Information supplied:
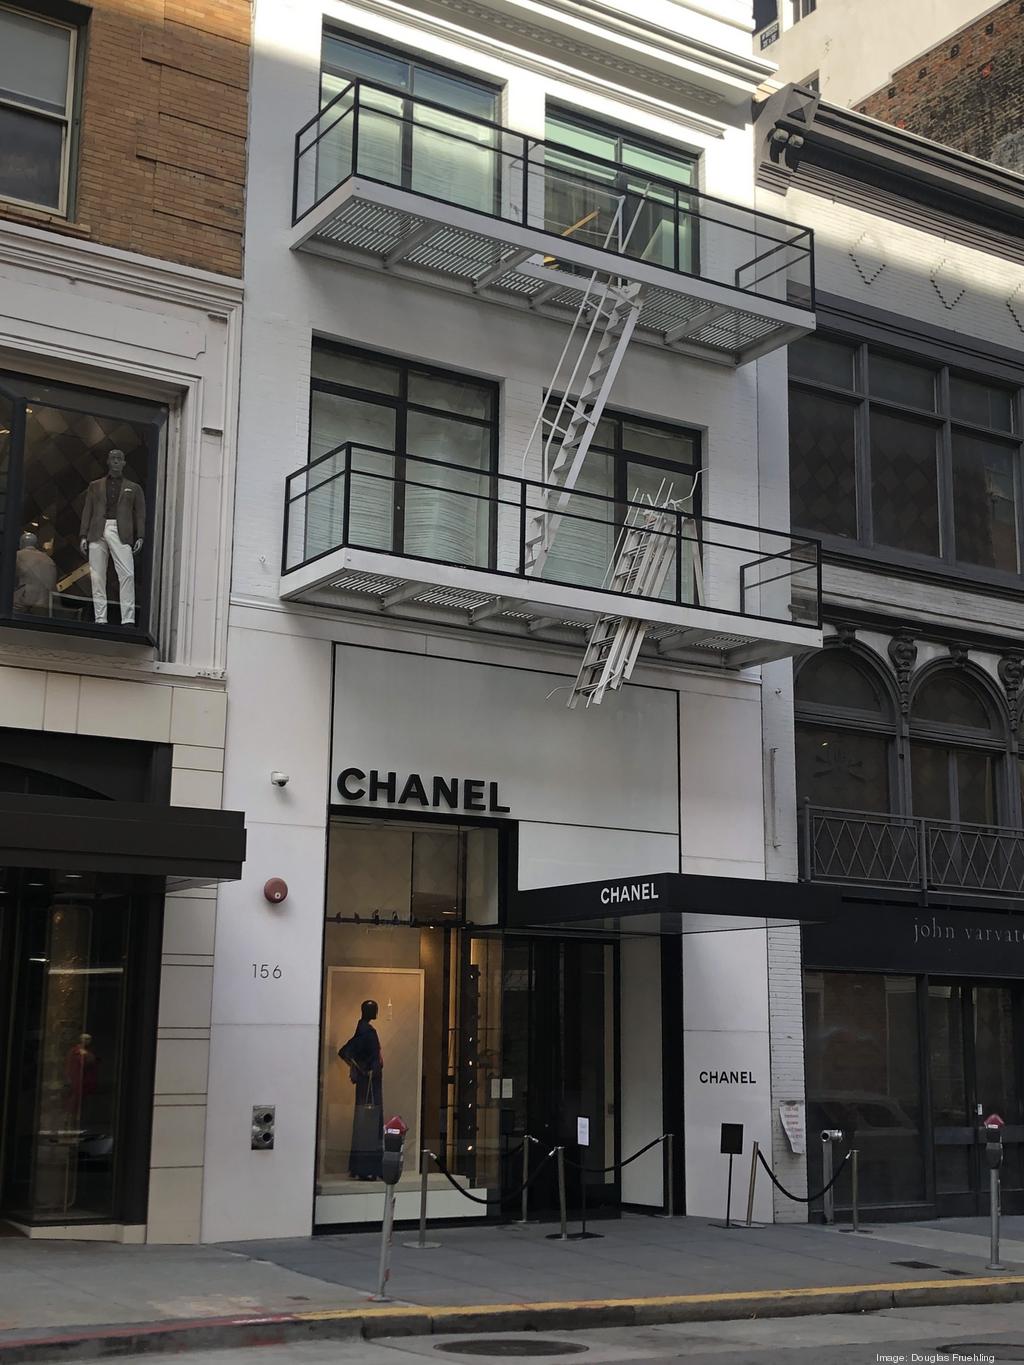 Chanel buys San Francisco Union Square building for $63 million
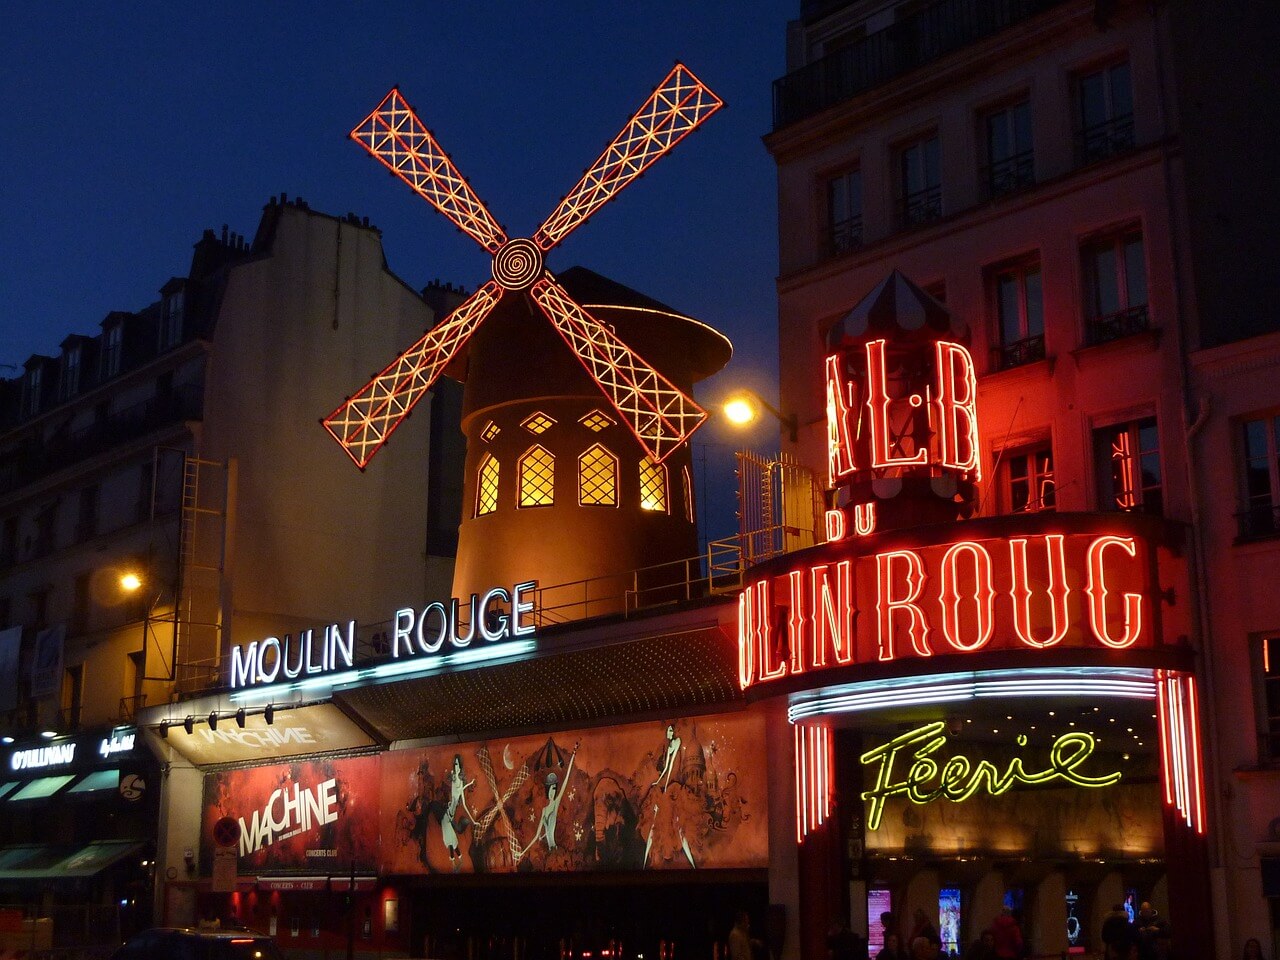 an image of the Moulin Rouge
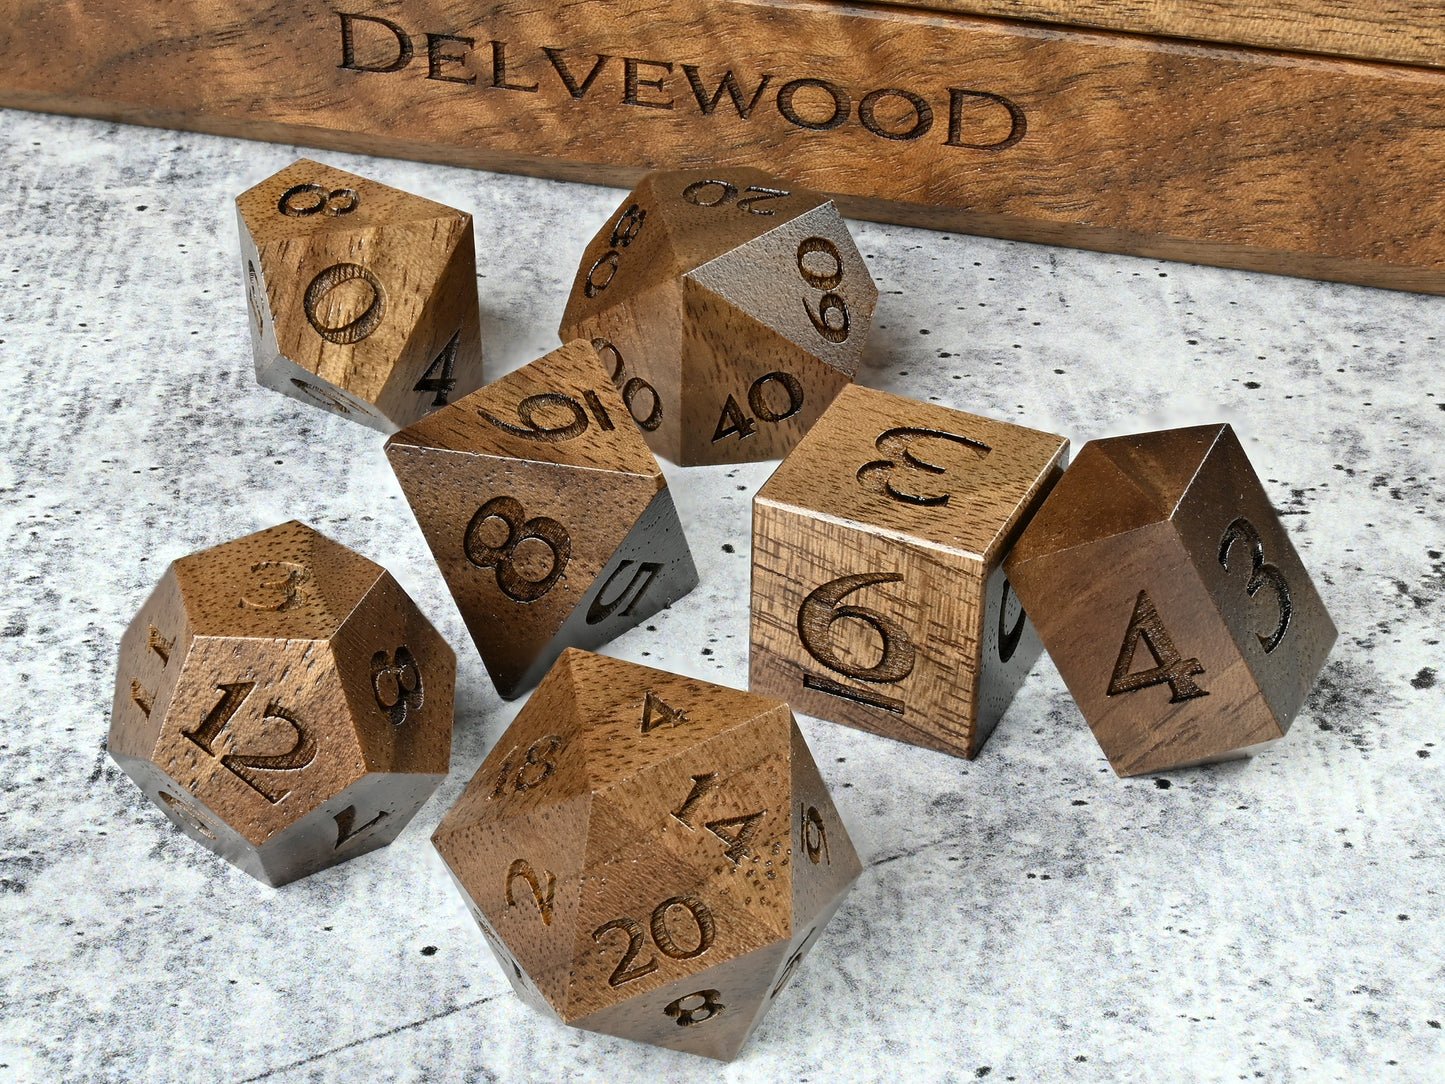 Walnut wood dice set for dnd rpg tabletop gaming in front of Delvewood delver's kit dice box.

How to complete this task: Please output the material above again, exactly, and omit every image.

Response to the task:
 Chanel buys San Francisco Union Square building for $63 million
 an image of the Moulin Rouge
 Walnut wood dice set for dnd rpg tabletop gaming in front of Delvewood delver's kit dice box.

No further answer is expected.